Museum Stories

Running In Museums? Run with Martin Creed

Magda Michalska 27 November 2017 min Read

Have you ever entered a museum five minutes before closing and thus had to run to see as much as possible? Such a thing happened to Martin Creed, a contemporary British artist, who once in Sicily had to run through the early Christian catacombs:

In Palermo we went to see the catacombs of the Capuchin monks. We were very late and only had five minutes to see it all before closing time. To do it we had to run. I remember running at top speed with my friends through the catacombs looking desperately left and right at all of the dead people hanging on the walls in their best clothes, trying our best to see it all… it was a good way to see it. It was that kind of delirious running which makes you laugh uncontrollably when you’re doing it. I think it’s good to see museums at high speed. It leaves time for other things.

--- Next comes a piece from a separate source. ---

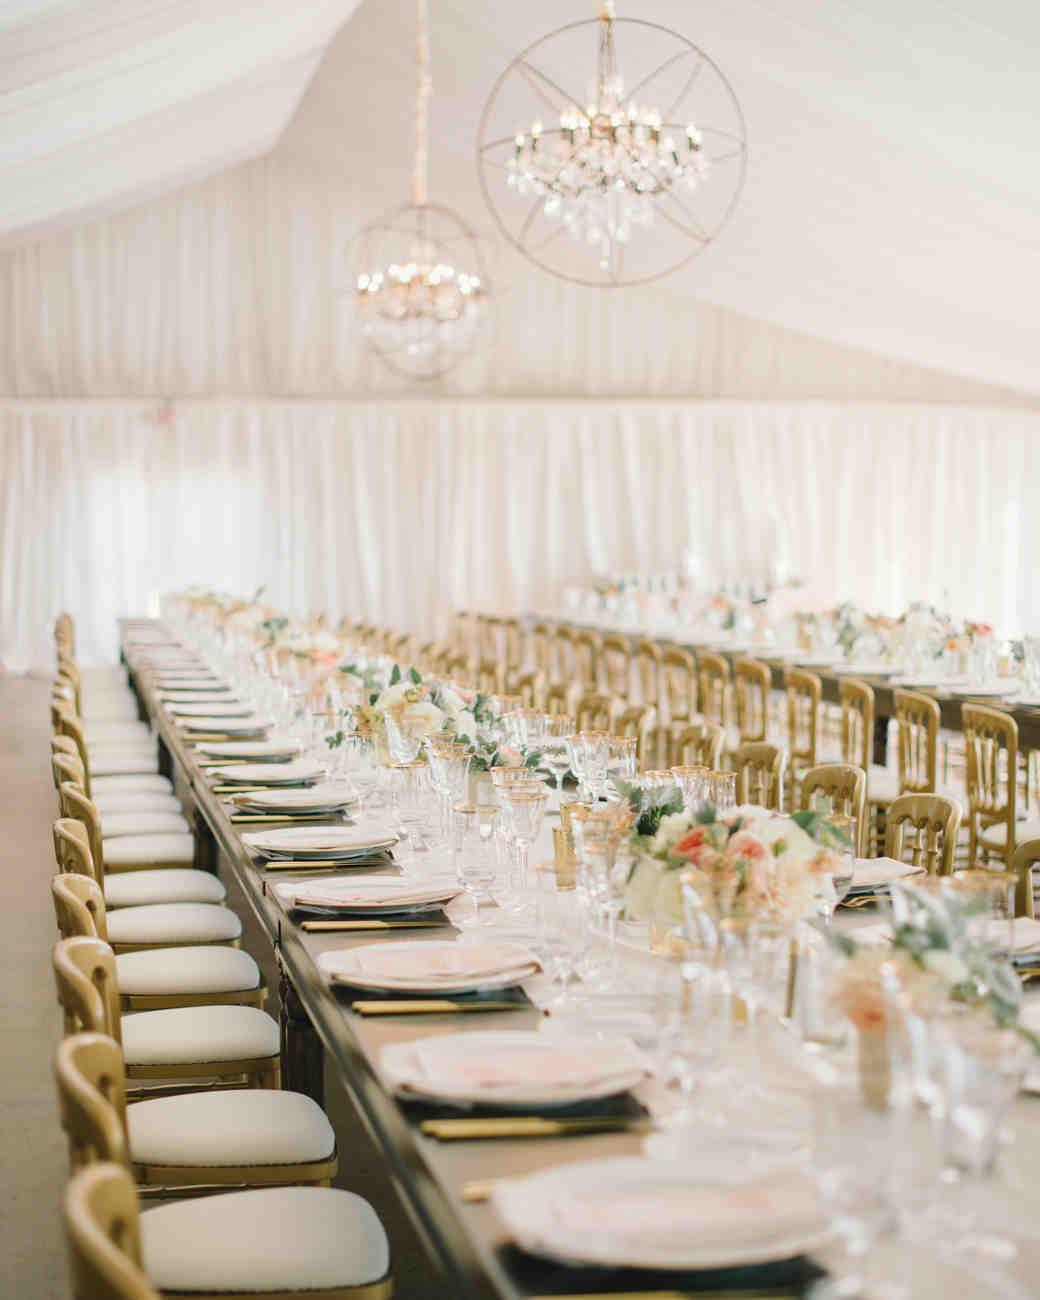 alex-brandon-wedding-tables-052-s111338-0714.jpg
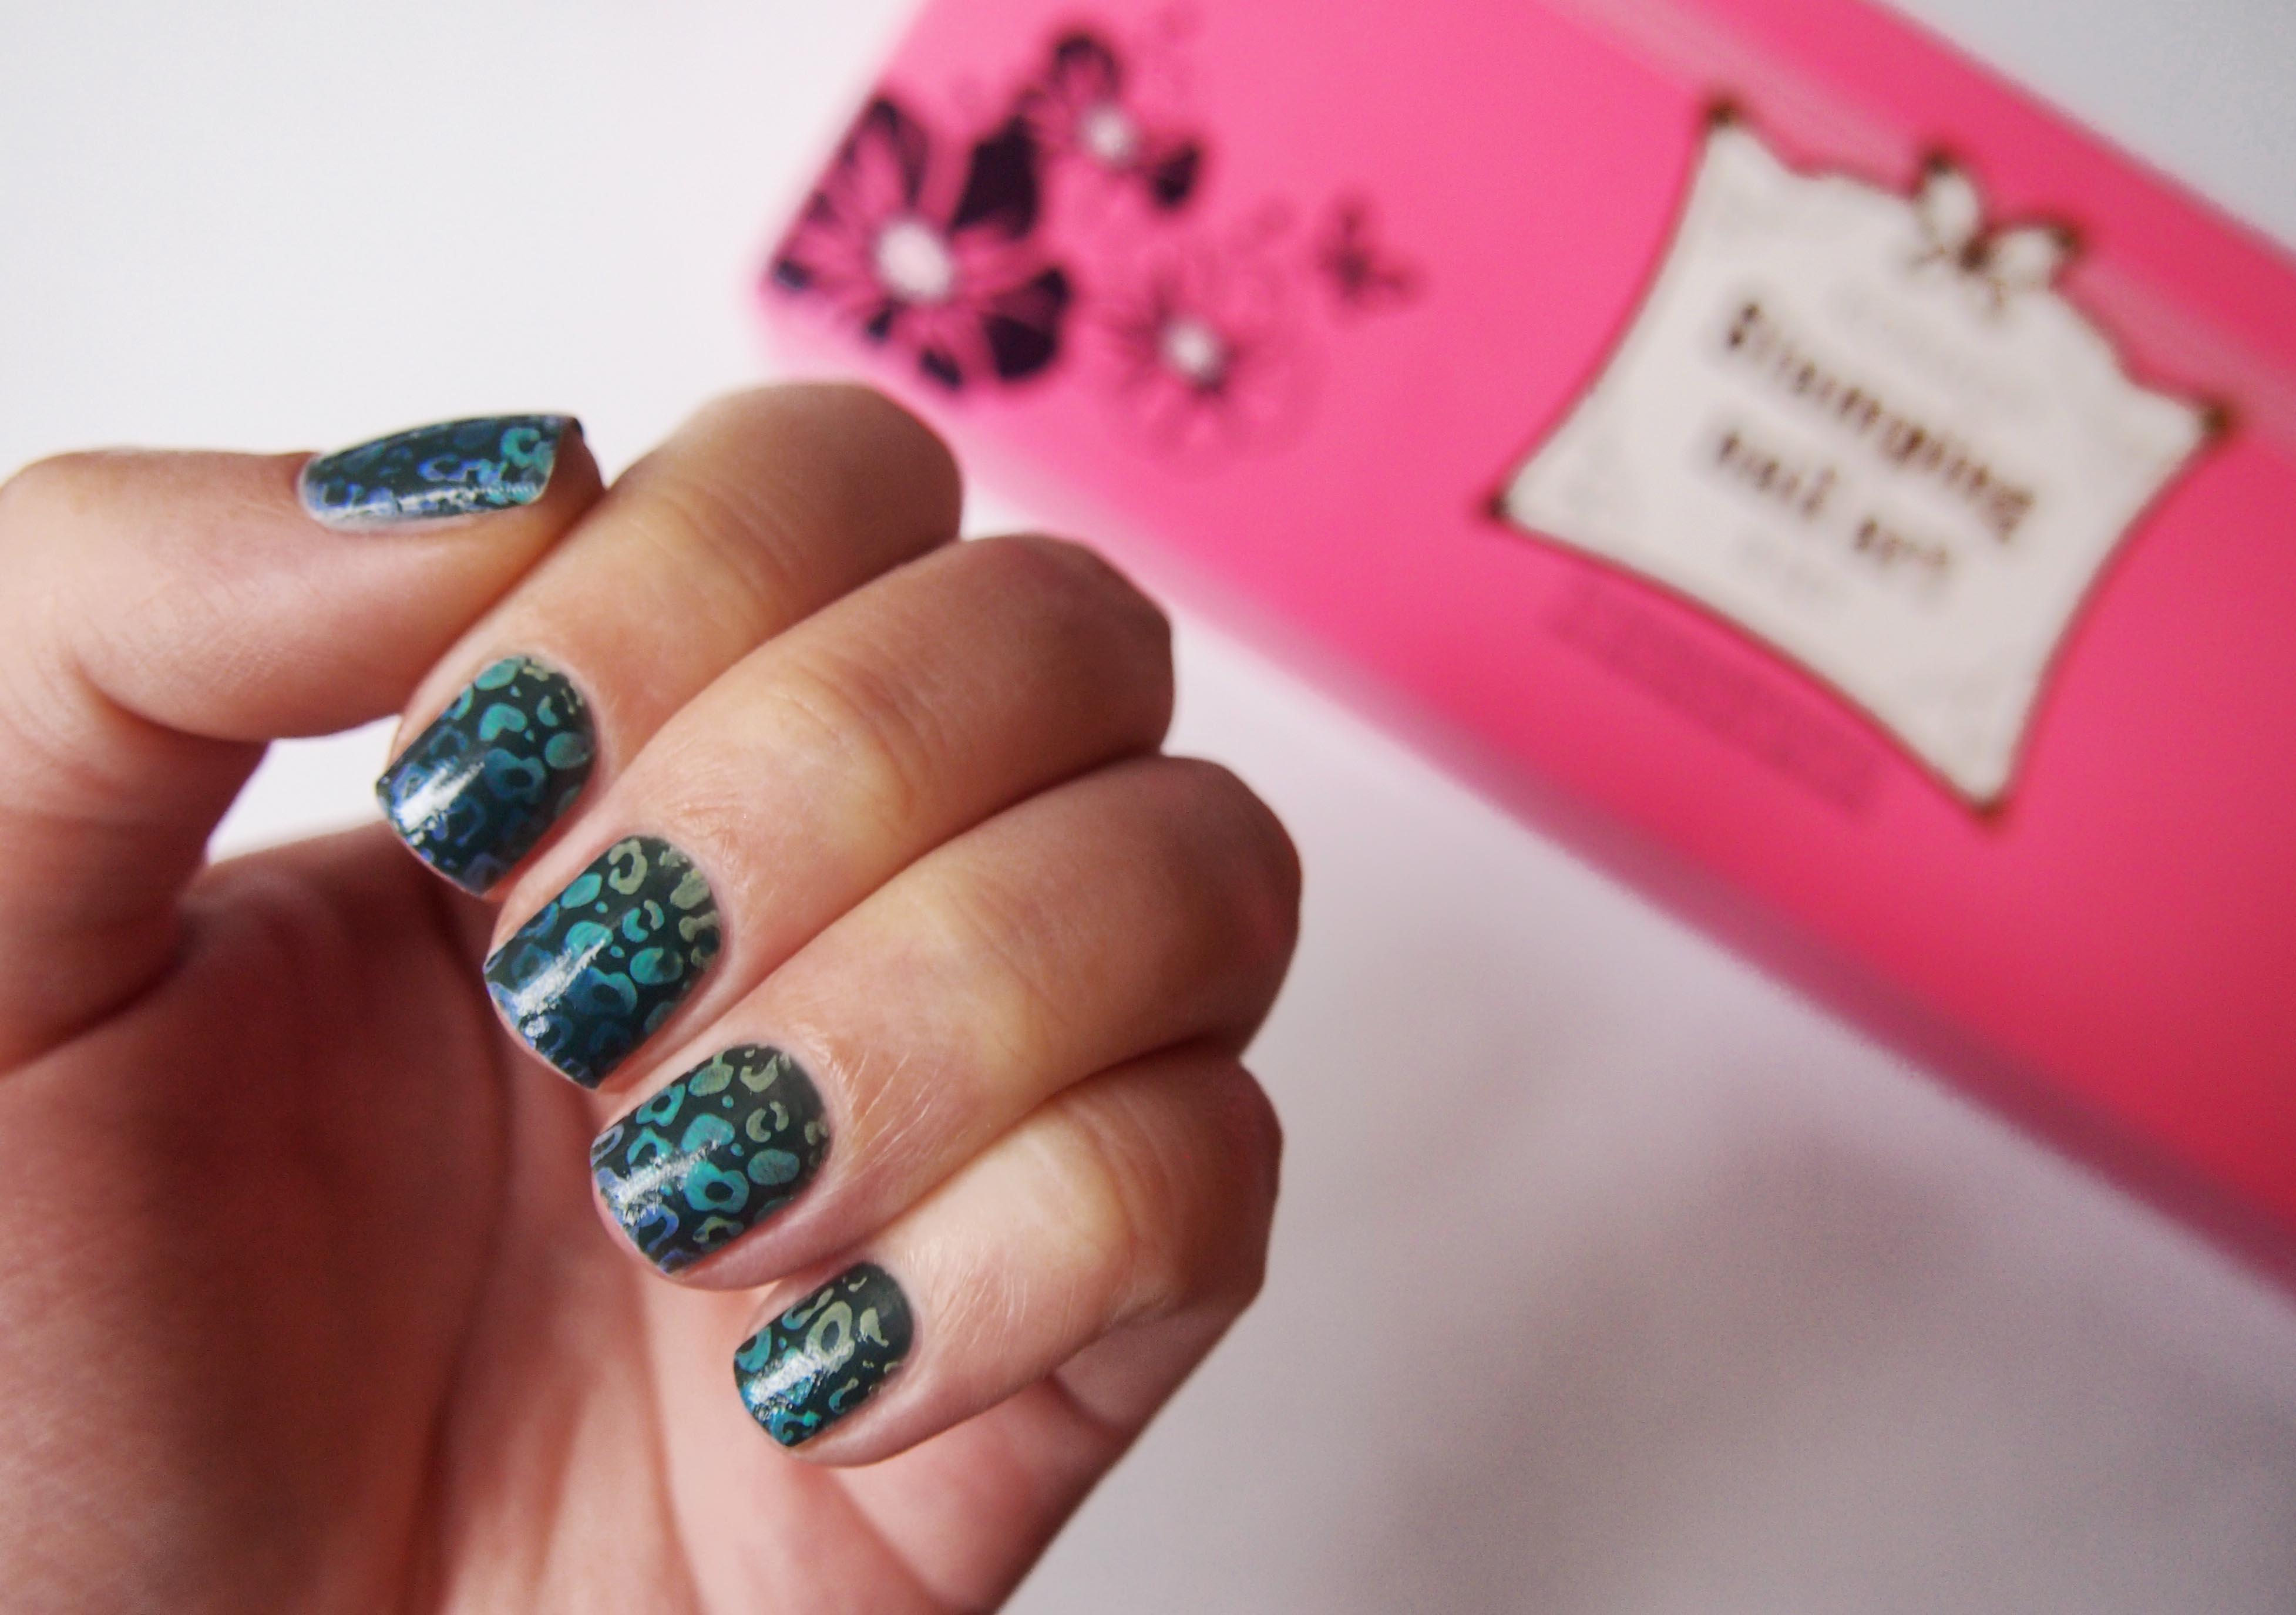 ... Konad Stamping Nail Art Kit». | Записки лакоголика

Martin Creed, Work No. 850, 2008, Source: artist's website, running in museums
Martin Creed, Work No. 850, 2008, Source: artist’s website

This experience inspired Creed to question how we should behave in museums. Why is walking silently the advised way of viewing art? Maybe we could gain something new if we did things differently? Maybe movement of our bodies, our hearts pumping blood, are the artworks in their own rights? Creed’s Work No. 850 celebrates our physicality by presenting the beauty of human movement in its purest form. As he says:

Sometimes I feel very self-conscious – I’ve come to see a painting, now here I am, this is the experience of looking at art. Here, it’s important to me that there isn’t a cordon between you and the runner. People can just mill around. Art doesn’t have to be in a frame separate from you.

What is Work No. 850? Creed invited runners from different backgrounds from all over London and instructed them to sprint as if their lives depended on it. They had to run from one end of Tate gallery to another (86m), every 30 seconds, for four months. Each run was followed by an equivalent pause, ‘like a musical rest, during which the grand Neoclassical gallery is empty’.